Could you repeat the data word for word while skipping the pictures?

• DATA:

************

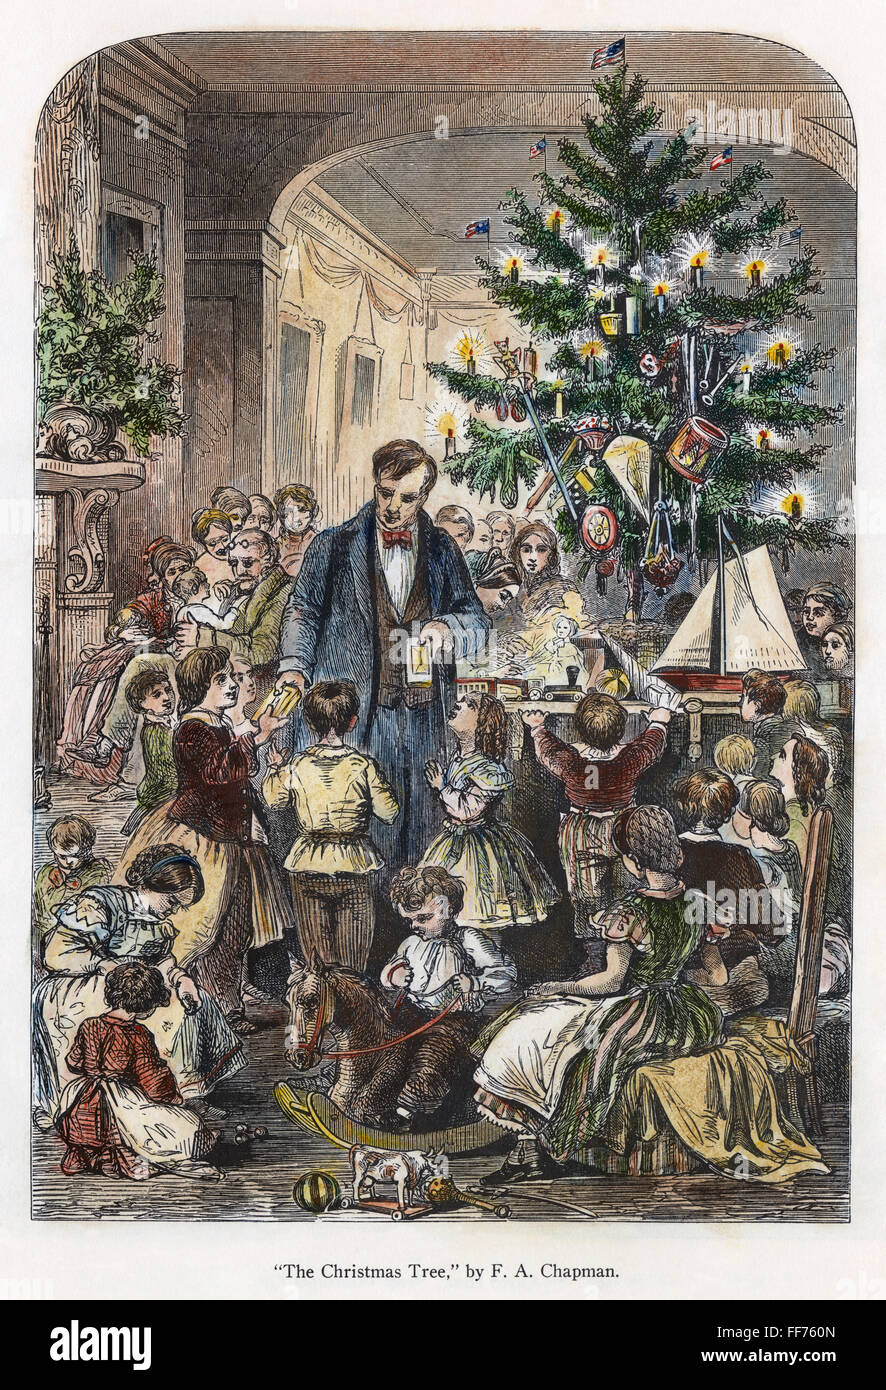 Weihnachten, c1870. /nPassing, Weihnachten präsentiert um den Baum herum. Amerikanische Gravur, c1870. Stockfoto
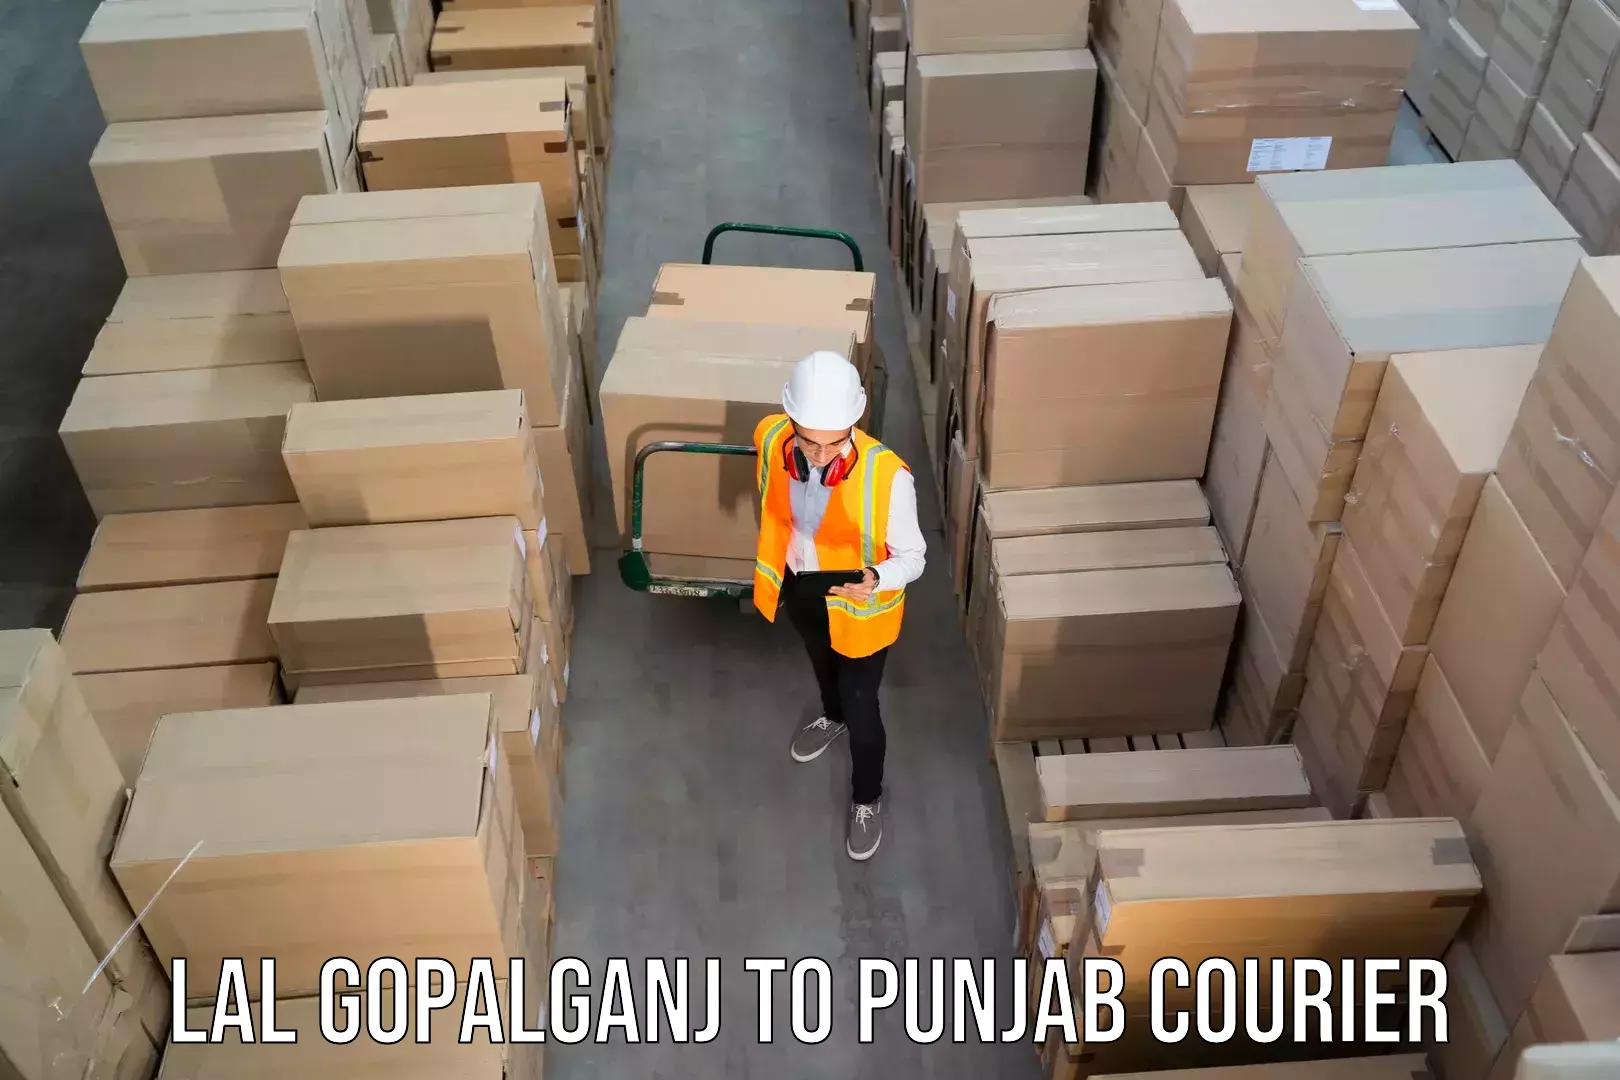 Global shipping networks Lal Gopalganj to Jalandhar
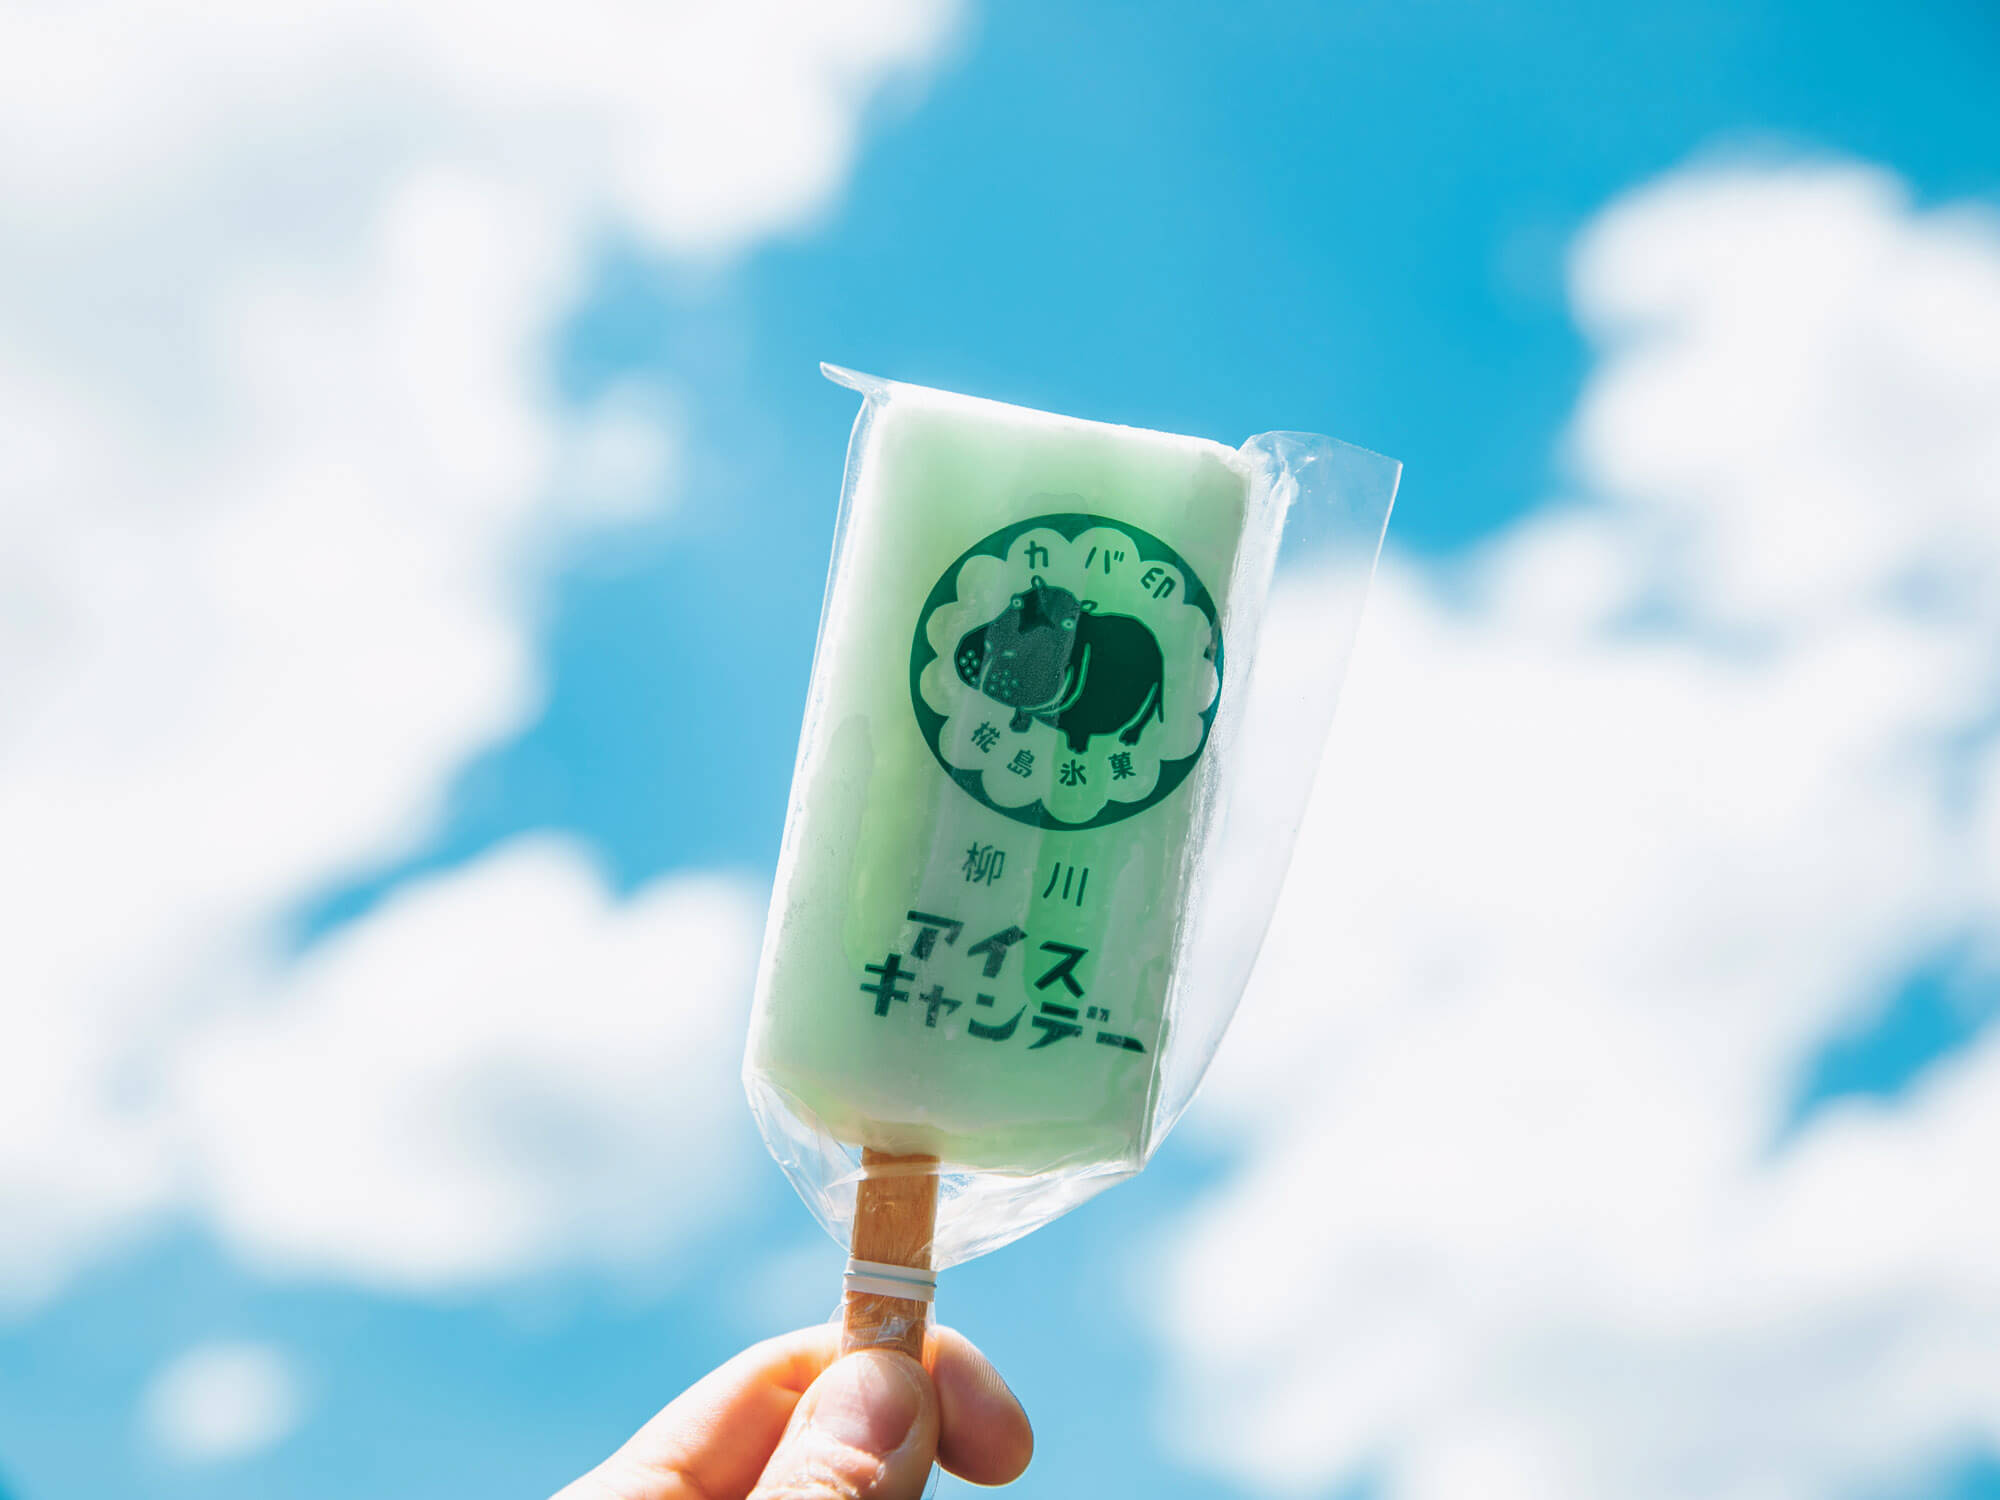 椛島氷菓のアイスキャンデー
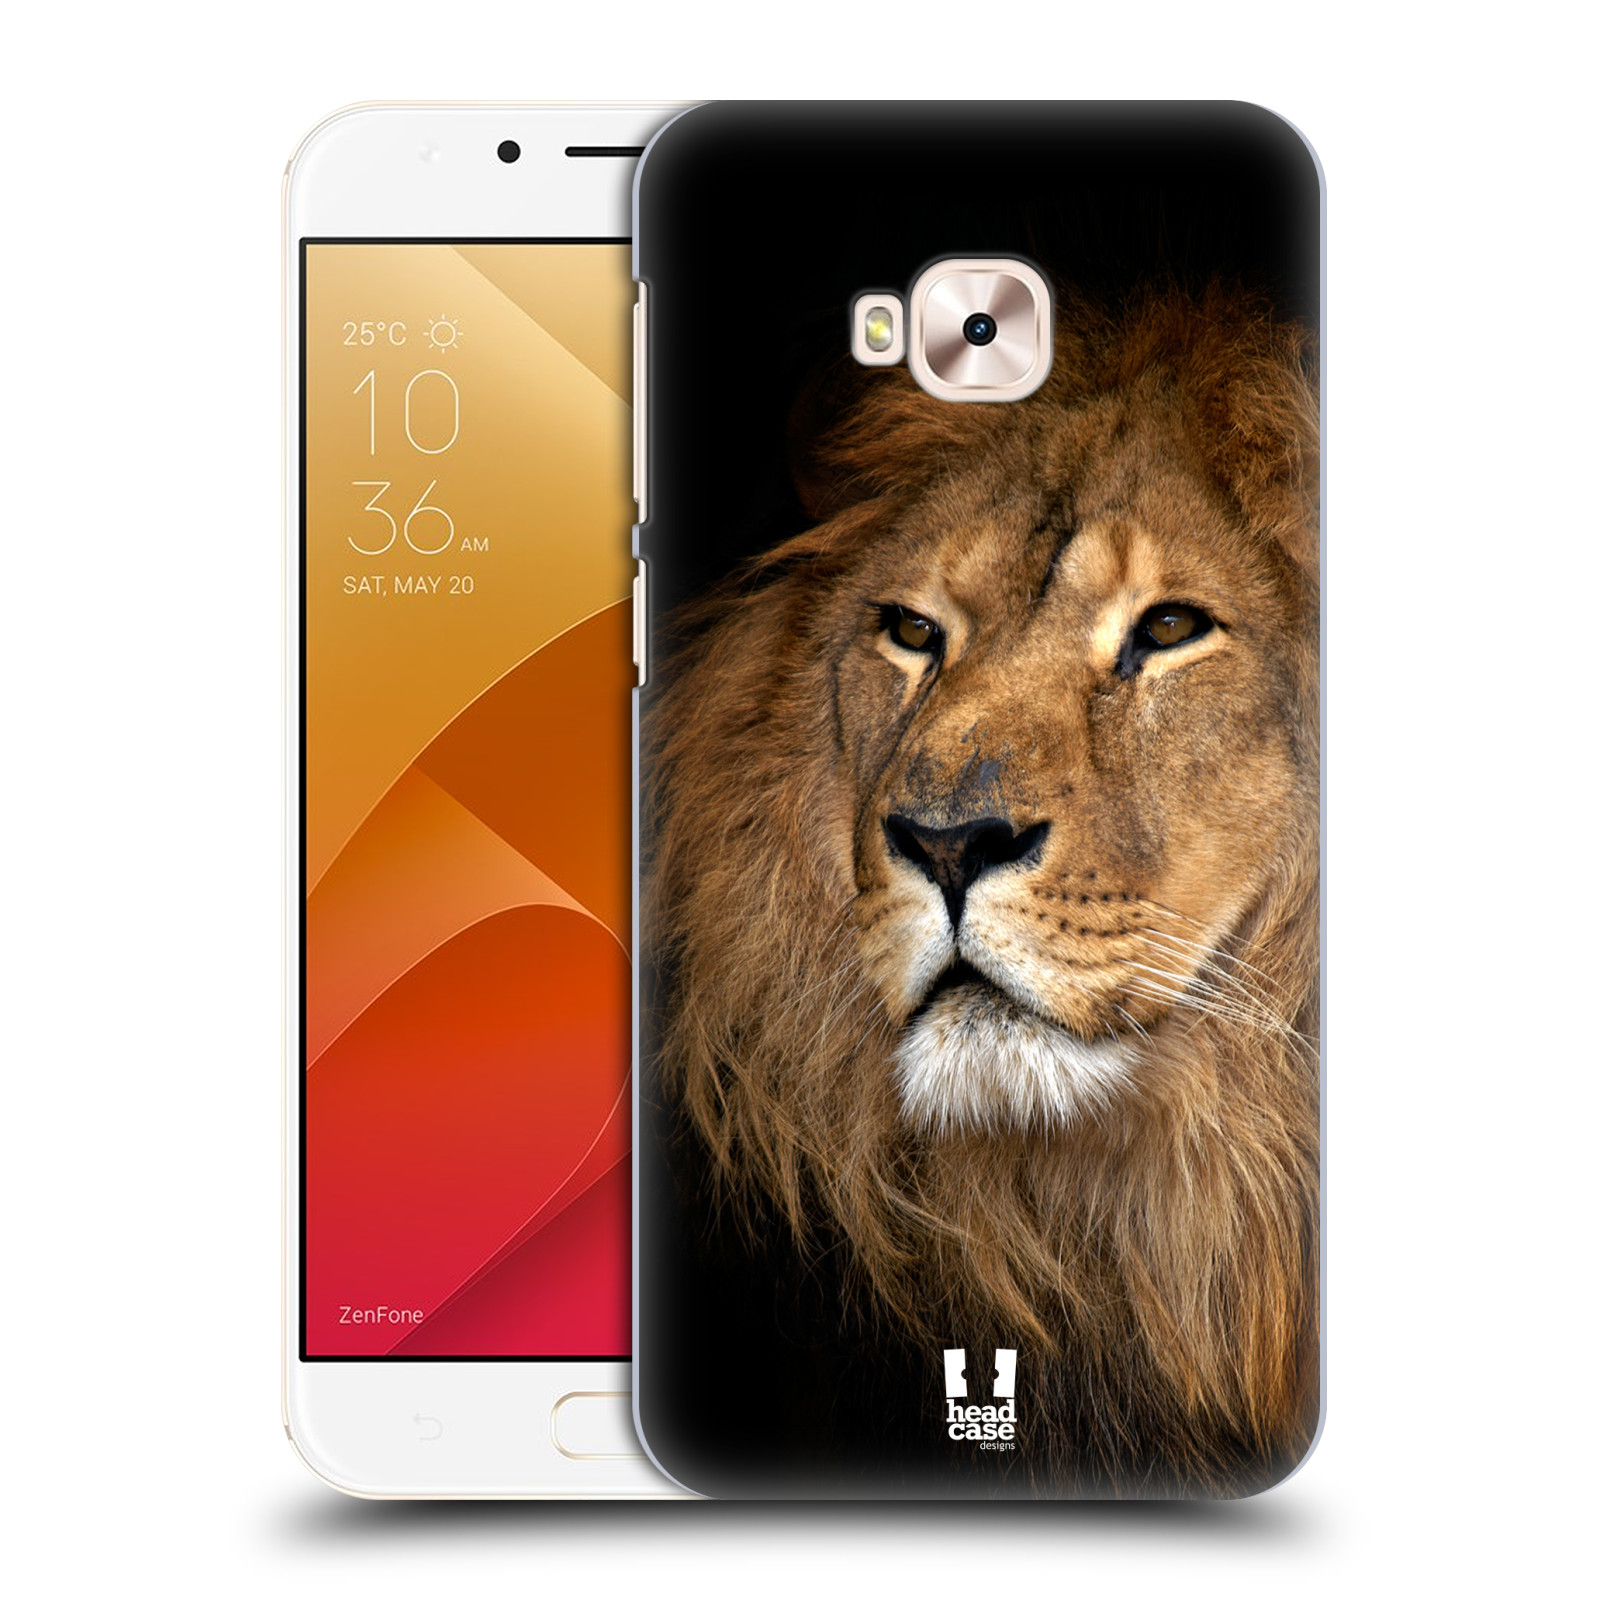 Zadní obal pro mobil Asus Zenfone 4 Selfie Pro ZD552KL - HEAD CASE - Svět zvířat král zvířat Lev

************

• RESPONSE TO THIS EXERCISE:
 Weihnachten, c1870. /nPassing, Weihnachten präsentiert um den Baum herum. Amerikanische Gravur, c1870. Stockfoto
 Global shipping networks Lal Gopalganj to Jalandhar
 椛島氷菓のアイスキャンデー
 Zadní obal pro mobil Asus Zenfone 4 Selfie Pro ZD552KL - HEAD CASE - Svět zvířat král zvířat Lev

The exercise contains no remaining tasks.